Commerce on the internet continues to grow at astounding speed and is already in the tens of billions of dollars on a global basis. Unfortunately, security concerns are replete because along with easy fast access to data on a global basis comes the threats from computer hackers including criminals, vandals, and others with potentially harmful motives.
The System Administration, Networking, and Security (SANS) Institute, an American non-profit organization for cooperative research and education draws on experts from academia and government agencies such as the National Security Agency (NAS) and the Federal Bureau of Investigation (FBI). Web threats are highlighted in “The Twenty Most Critical Internet Security Vulnerabilities The Experts' Consensus” Version 2.502 Jan. 30, 2002 published on the SANS website (www.sans.org)
Despite the listed vulnerabilities having been well known they had not been fixed because there were so many other vulnerabilities and system administrators were so busy it seemed overwhelming to figure out which were the most important. Opportunists exploiting paths of least resistance have targeted the same so-called “holes,” time after time, thus leading to the SANS list. According to SANS, system compromises in a recent Pentagon hacking incident and the easy and rapid spread of the year 2001 Code Red and NIMDA worms were traceable to vulnerabilities in the top twenty list.
The vulnerabilities listed in a prioritized list format by SANS were grouped into the following categories: (1) General; (2) Microsoft Windows operating system-based; and (3) Unix operating system based. The General category includes such issues as failure to require passwords or stolen passwords and system ports vulnerable to intrusion by hackers while the other two categories detail problems with existing dominating operating systems that operate on servers and clients in networked environments including, of course, the internet network.
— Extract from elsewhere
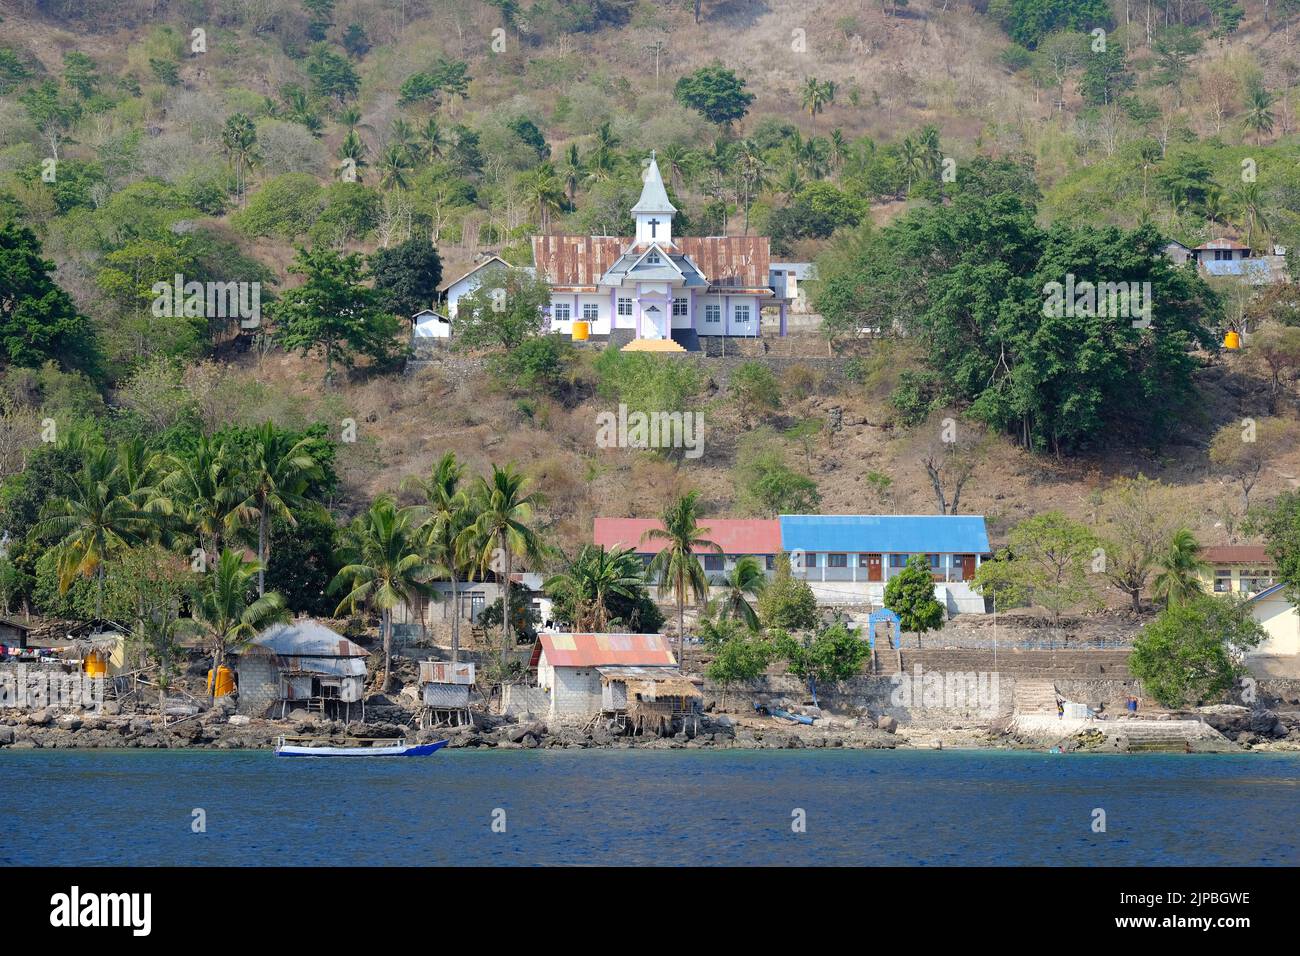 Indonesia Alor Island - maravilloso pueblo pesquero costero con la iglesia del pueblo Foto de stock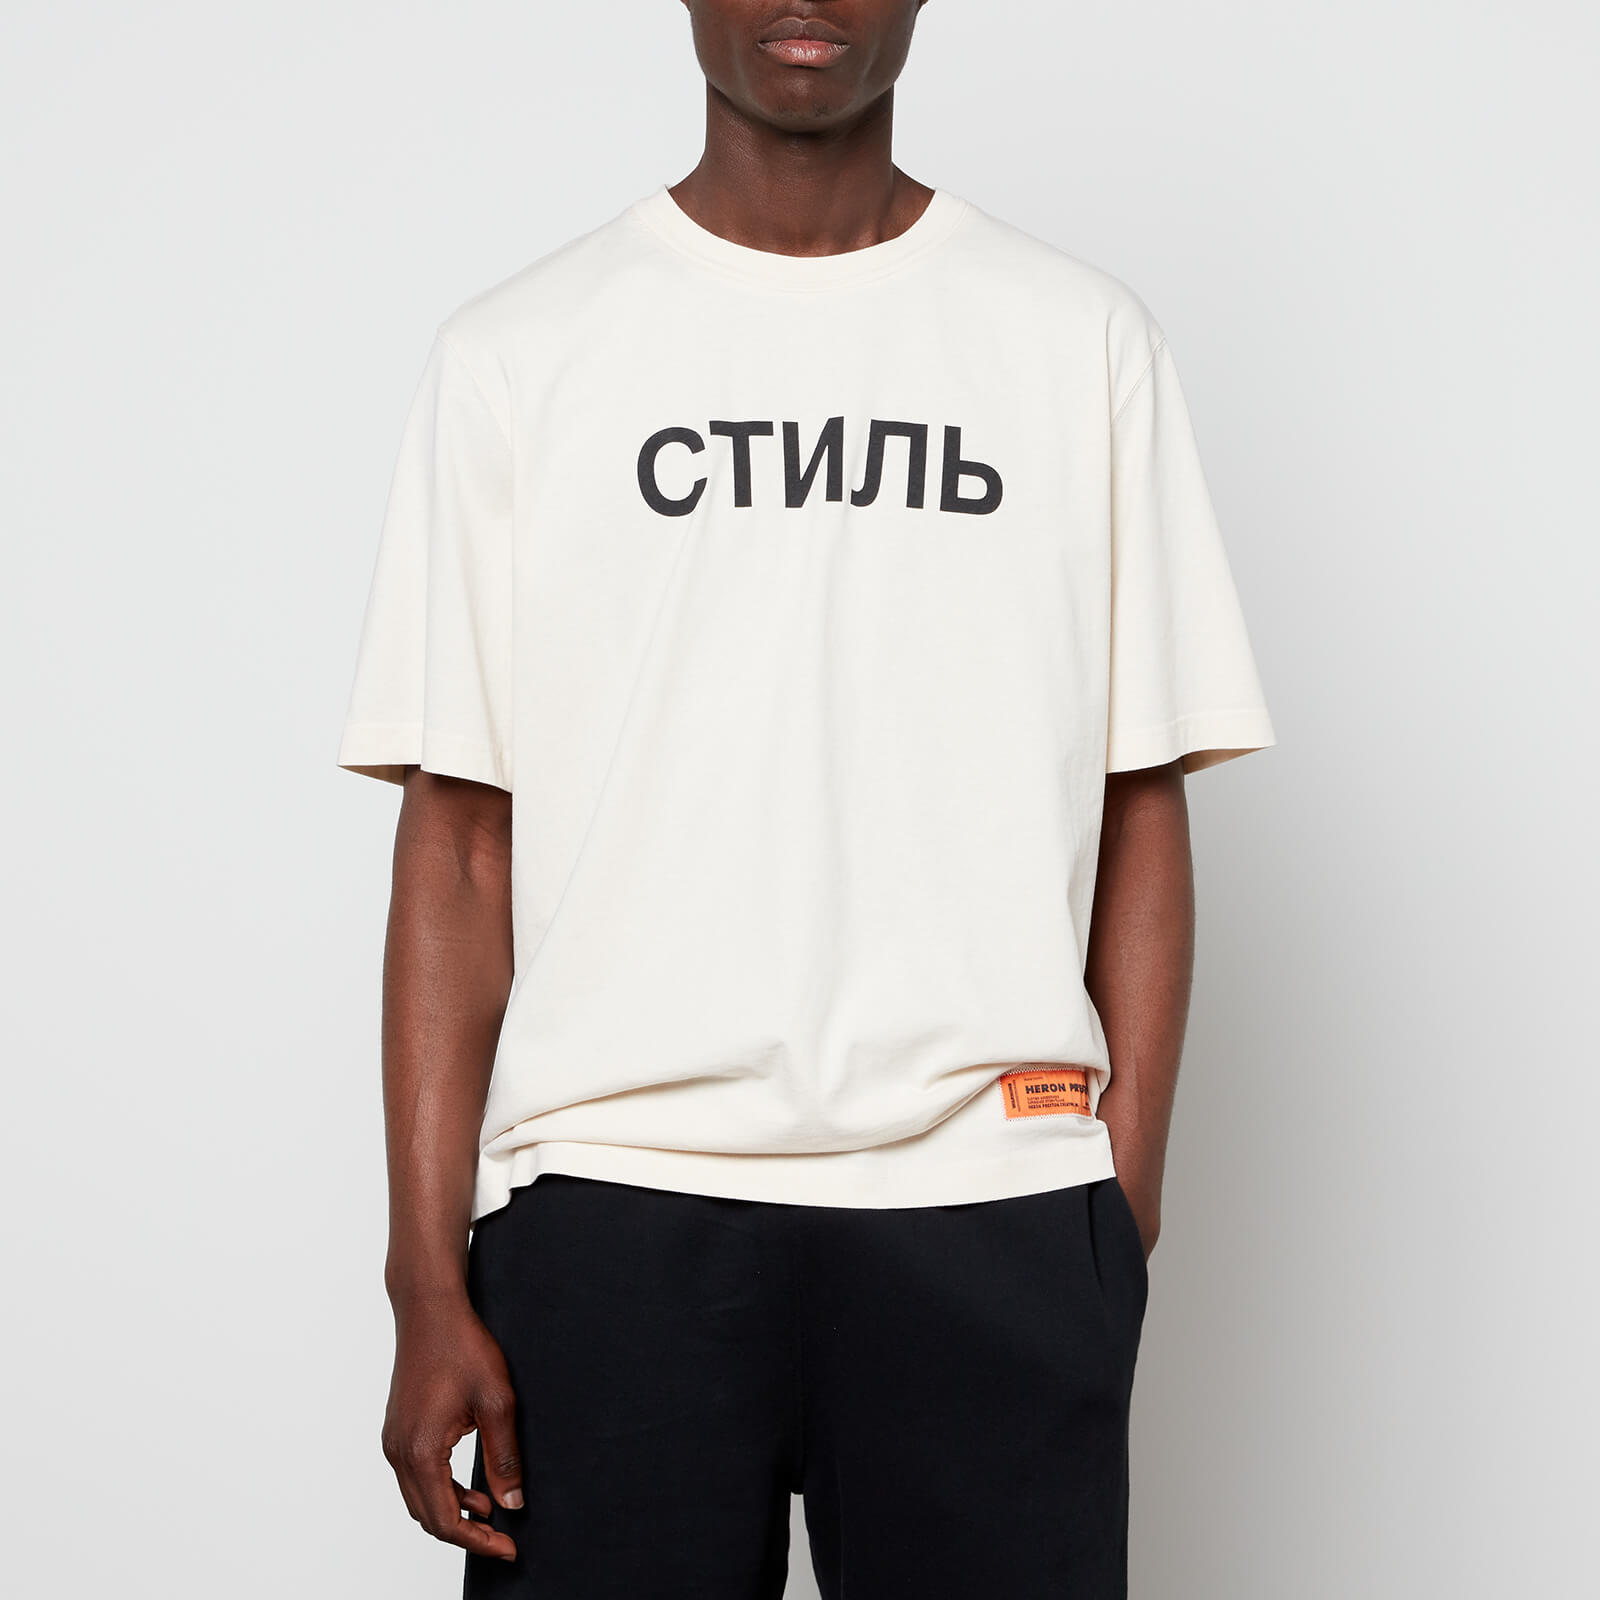 Heron Preston Men's Ctnmb Logo T-Shirt - White - S

The vulnerability of data that is exposed to network intrusion will remain are serious problem as long as these and other vulnerabilities can be exploited to get to data which is too easily accessible on the internet. What is needed is a security based solution that does not prohibitively slow down legitimate access to data. After all if the data is to hard to get to by users on the internet the growth and popularity will be inhibited and internet commerce itself and global economies in turn will suffer.